The analyst explained that because the convertible does not have takeover protection, convertible holders who were hedged would have taken a loss back in October. But the analyst noted that an acceptance of the deal by Harrah's will put the spotlight on other gaming and hotel convertibles.

"This is an interesting situation," the analyst said. "You still need gaming [regulators'] approval, but now it puts other gaming convertibles into play. You can start thinking about the smaller gaming companies. You can start thinking about the hotels, like maybe Hilton. They could become more active, because some of them also don't have takeover protection."

"If a company as big as Harrah's can be taken out, it makes it more likely that you'd see a cash takeover of another company in the sector," the analyst added. "Those convertibles that don't have takeover protection and at a premium over par, those could be negatively affected."

Peabody slides with stock

Peabody's new 4.75% convertible junior subordinated debenture due 2066 retreated slightly on Monday, dragged by weakness in the stock.

The convertible was 97.5 bid, 97.875 offered against a stock price of $42.40 on Monday. Peabody stock (NYSE: BTU) fell 3.81% or $1.67 and closed at $42.17.

"It's moving down with the stock," a sellside convertible bond trader said.

Peabody, a St. Louis, Mo.-based coal company, saw its stock slide on Monday along with other coal miners, as falling natural gas prices fueled concern that demand for coal among energy producers will soften.

"The theory goes that if natural gas is cheaper, power plants will use more natural gas instead of coal," a buyside analyst said. "But what you're seeing today is more of a short-term reaction. Over the longer term Peabody's stock is still attractive."

The sellside convertible trader said the stock retreat on Monday did not generate such big gains for hedged investors as it would have if the Peabody convertible's terms were better.

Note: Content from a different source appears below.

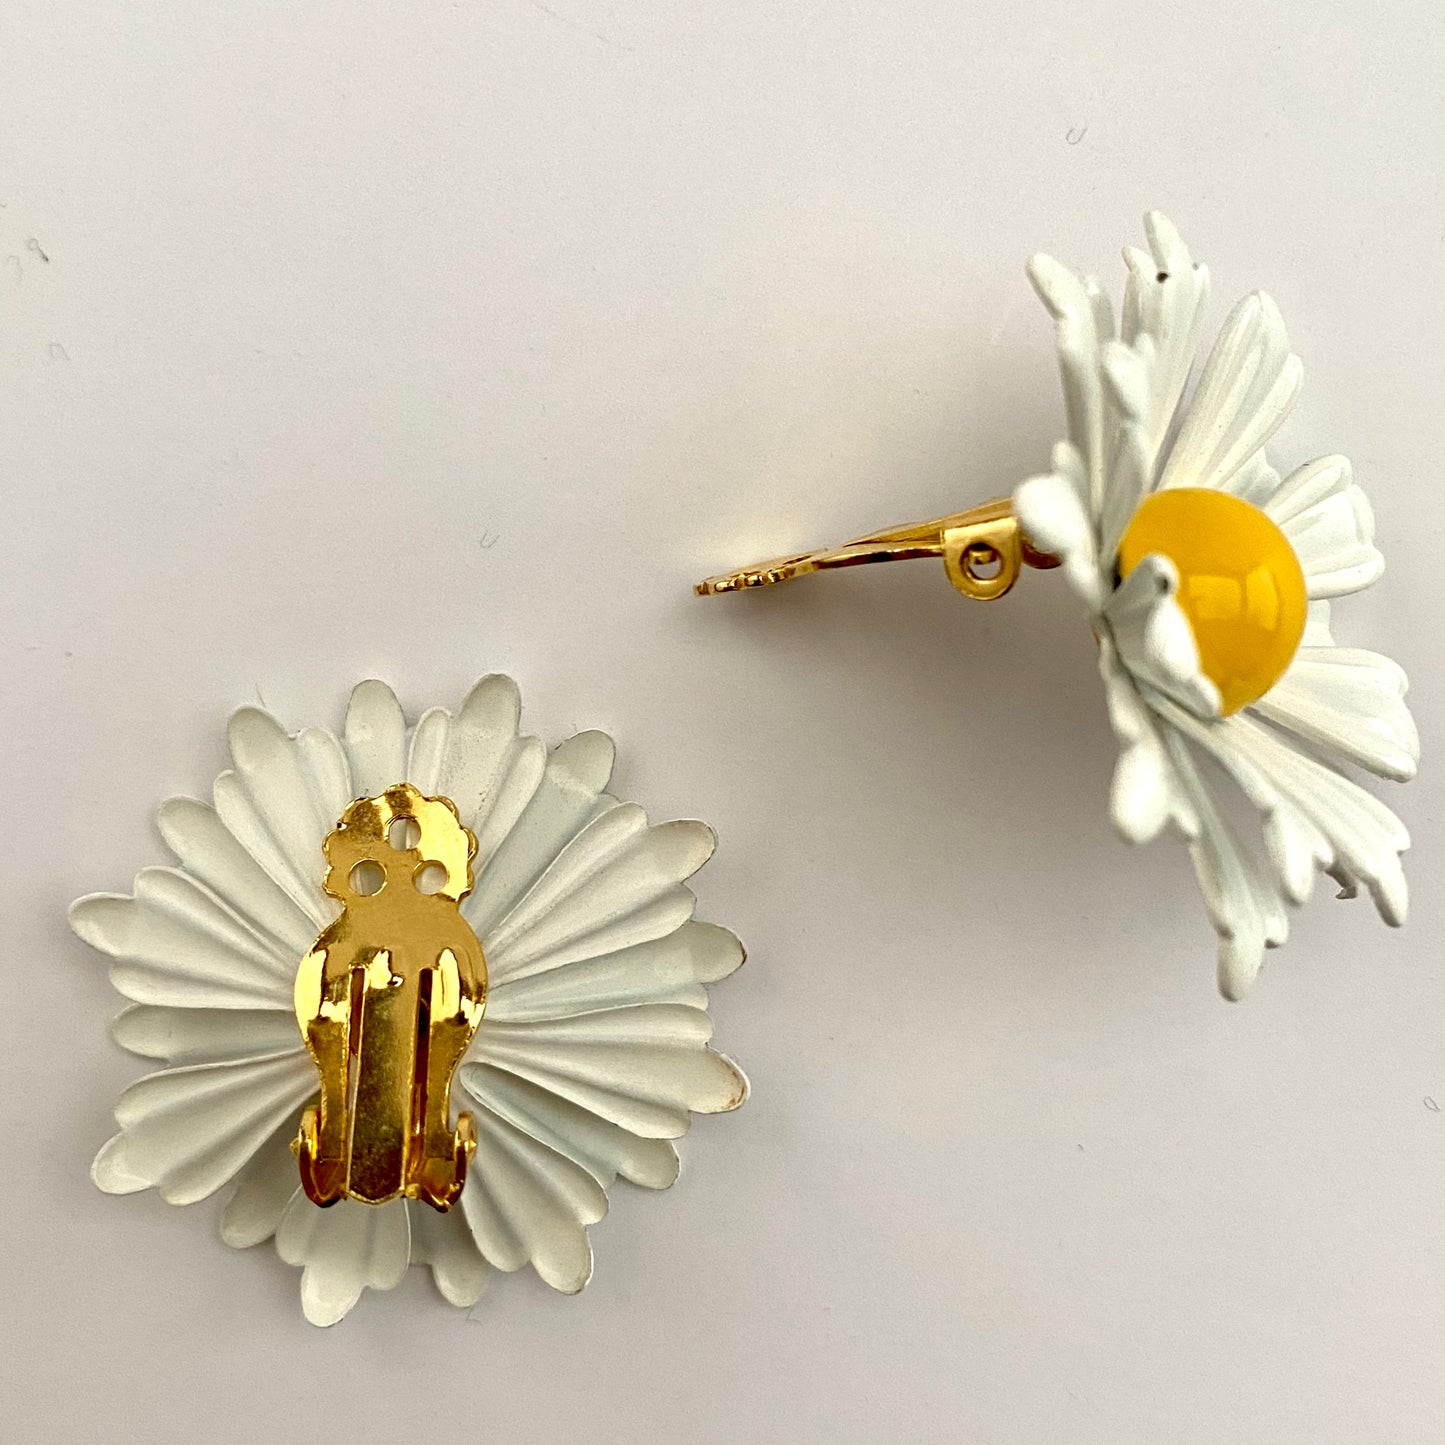 Late 60s/ Early 70s Daisy Enamel Flower Earrings

The convertible - which has no puts and may be called in five years - had been criticized for a structure and terms that appeared highly favorable to the issuer.

"You're not picking up a lot because of the structure of this thing and the long horizon," the trader said. "It's not a thrill, and this bond will continue to not be a thrill."

Entertainment Properties plans deal

Entertainment Properties Trust said Monday it plans to price $125 million of perpetual convertible preferred stock, talked at a dividend of 5.5% to 5.75% and an initial conversion premium of 20% to 24%.

The preferred shares will be offered at par of $25 apiece.

There is an over-allotment option for a further $18.75 million.

Bear Stearns is the bookrunner of the registered off-the-shelf offering.

The deal will price after the close Tuesday.

Entertainment Properties, real estate investment trust that owns entertainment retail centers, cinemas and other entertainment-related properties, said it will use the proceeds of the deal to fund general corporate purposes, including acquisitions, and to reduce debt under a KeyBank facility.

Entertainment Properties stock (NYSE: EPR) slipped 0.91% or 57 cents before the deal was announced, closing at $61.74.